Arbitration is expensive and the costs can rival or exceed going to court. The stakes are high for an owner who may have to pay the corporation’s costs if they lose but less so for a board who will spread their costs among all of the owners through their condo fees.

The courts have confirmed that, after reviewing the owner’s prior conduct, it is within an arbitrator’s discretion to order the owner to pay up to all the condo corporation’s costs.

These costs can be huge, as in Italiano v. Toronto Standard Condominium Corporation No. 1507, where the owner was obligated to pay in excess of $81,000 for the corporation’s legal fees, mediation and arbitration costs. This is a heavy price to pay for playing loud music in a condo with thin walls.

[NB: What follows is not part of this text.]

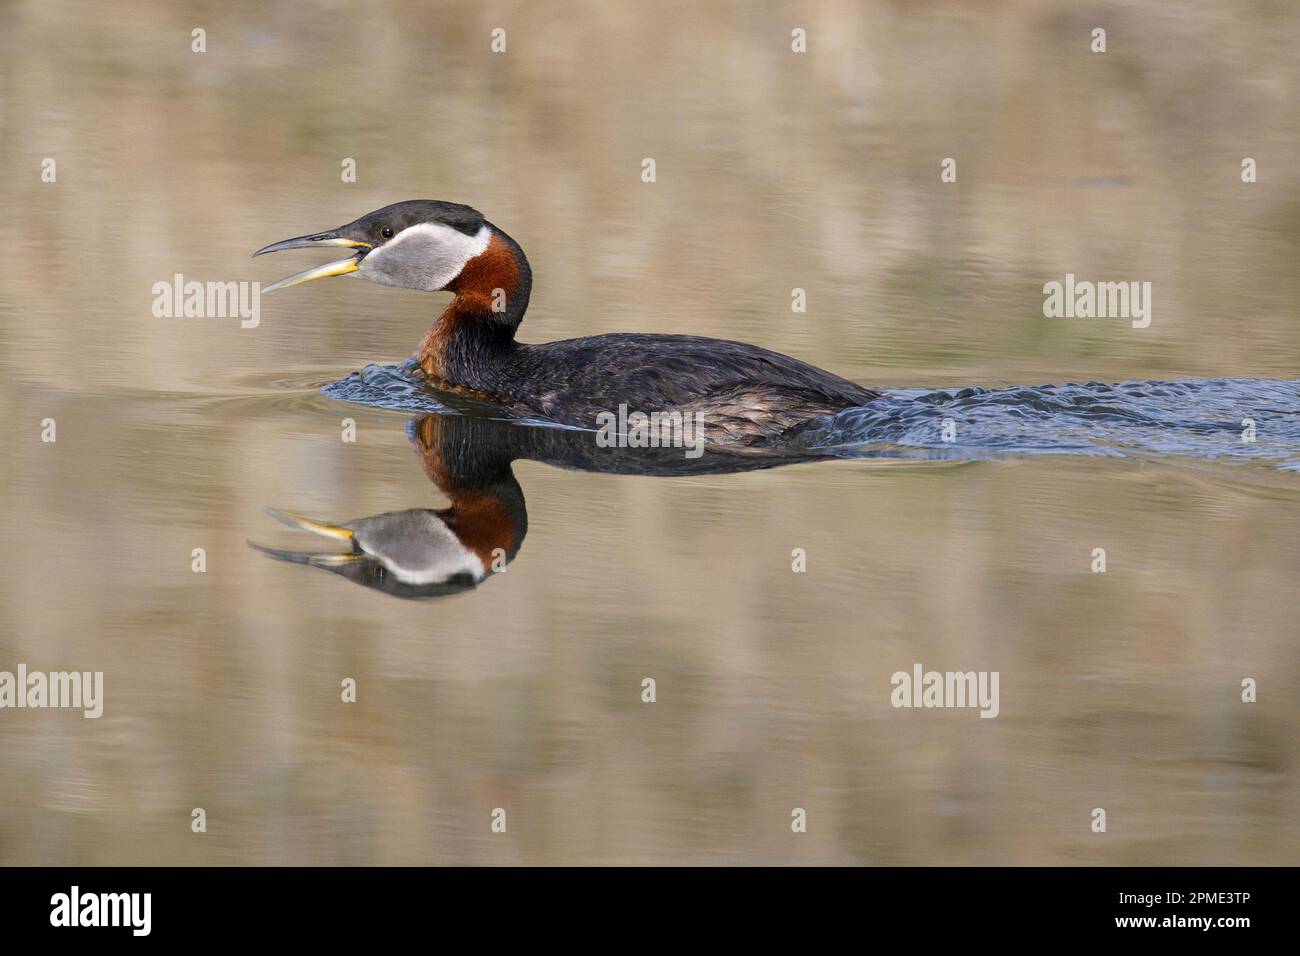 Grebe à col rouge dans un plumage reproducteur, appelant à son compagnon lorsqu'il nage à travers un étang, parc provincial Fish Creek, Calgary, Canada. Podiceps grisegena Banque D'Images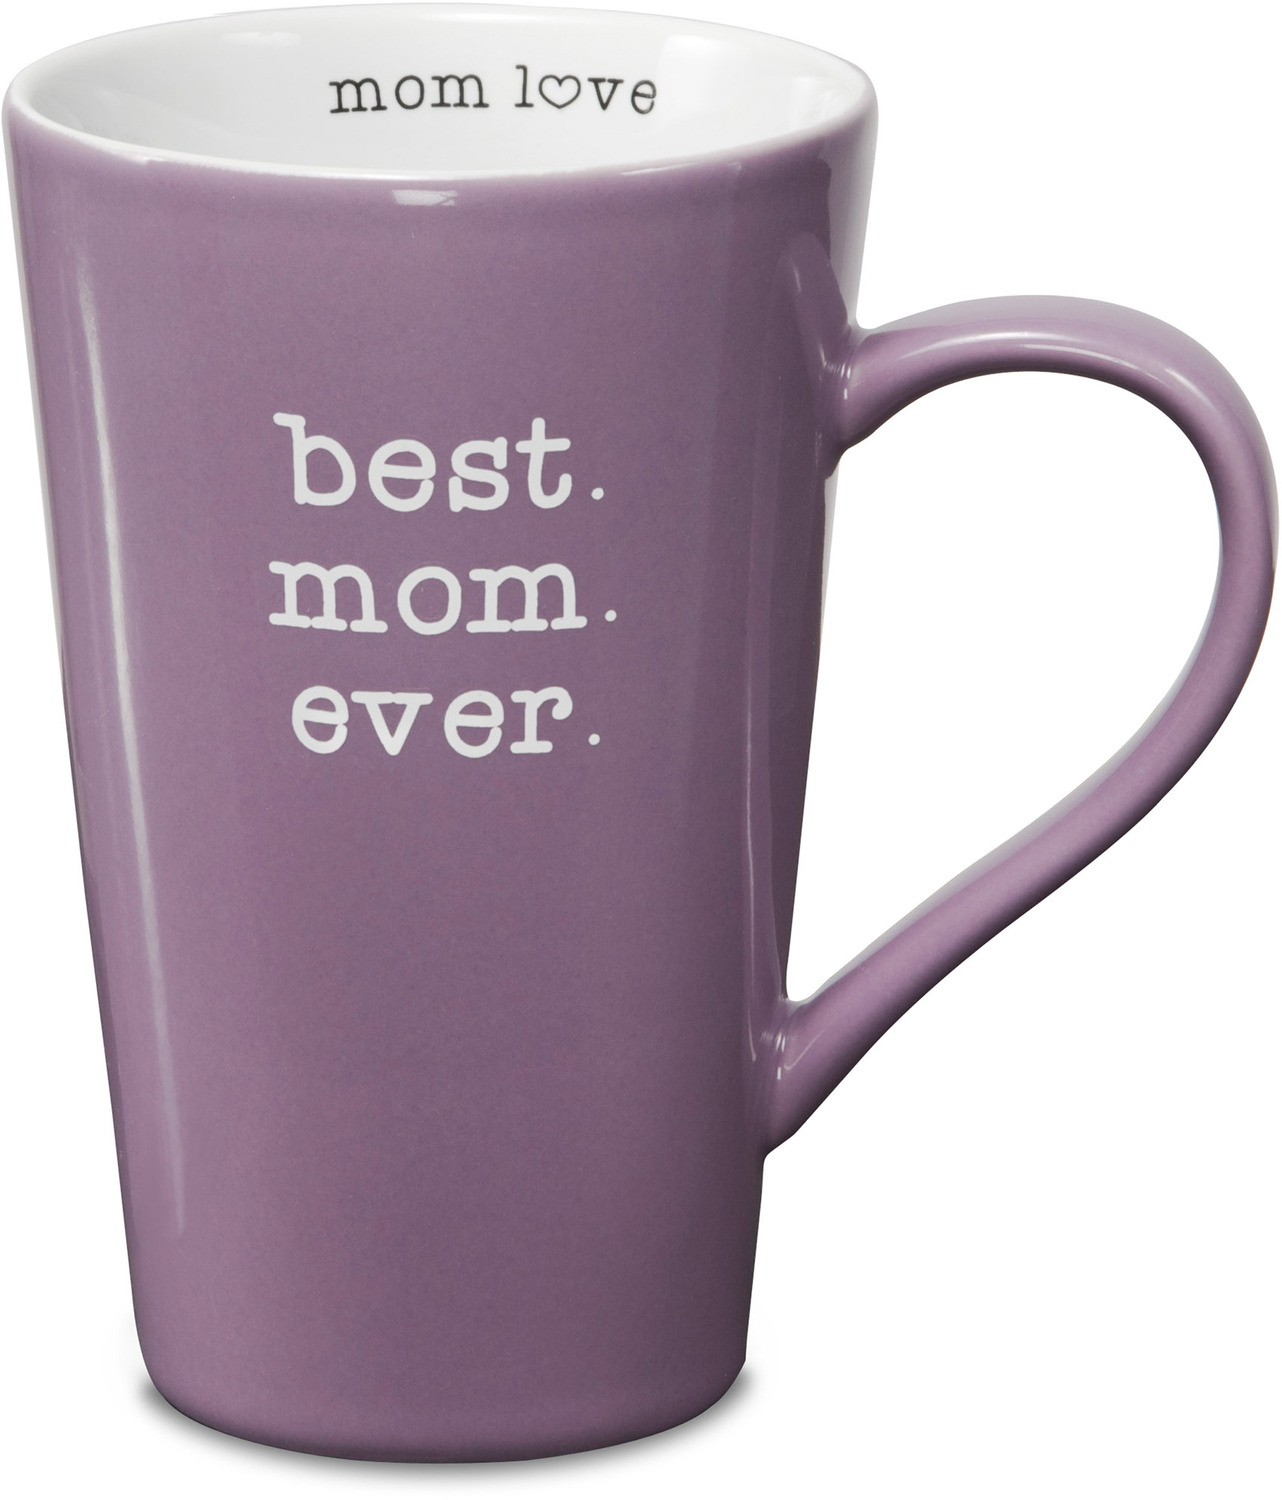 Best Mom by Mom Love - <em>Best Mom Ever</em> - Large Coffee/Tea Mug, 18 oz -

In a Court of Appeal for British Columbia decision, Hunt v. The Owners, Strata Plan LMS 2556, the owners, Mr. & Mrs. Hunt requested that a dispute over an owners plans to install an air conditioning unit go to arbitration.

The Hunts wanted a single arbitrator decide the issue; the strata wanted three arbitrators. The Hunts, who represented themselves, lost and were hit with the three strata's legal costs. ON top of that, they had to pay the arbitrators’ fees, which including taxes, totalled $106,008.

Remarking on this case, Paul G. Mendes, a BC lawyer, wrote:
"Arbitrators are private judges, and they don’t come cheap. One of the arbitrators, in this case, charged $400 per hour or $3,000 per day to hear the arbitration. One of the things that the strata’s lawyer discussed with the arbitrator in those informal communications was how worried the unit owners were about the cost of the arbitration after they were asked to pay $15,000 for their share of the arbitrator’s fees!

Arbitrations can be very effective for resolving specialized disputes quickly, but they can also be punishingly expensive, so they are generally not suited to resolving most strata disputes. The dispute here was over the installation of an air conditioning unit on the common property. The Hunts opposed the AC unit because they felt it would be too noisy and that it would unreasonably interfere with the use and enjoyment of their strata lot. Although it is possible that that dispute was worth $106,000 to the parties, that seems extremely unlikely to me.

For that reason, I always advise against using arbitration to decide most strata disputes. The cost of losing the arbitration can be punishing and is often disproportionate to what is at stake in the typical strata dispute.

That is not to say that there is no place for arbitrations in strata disputes, but it does not mean that you should think long and hard about initiating a strata arbitration when much less costly options like Court and the CRT are available."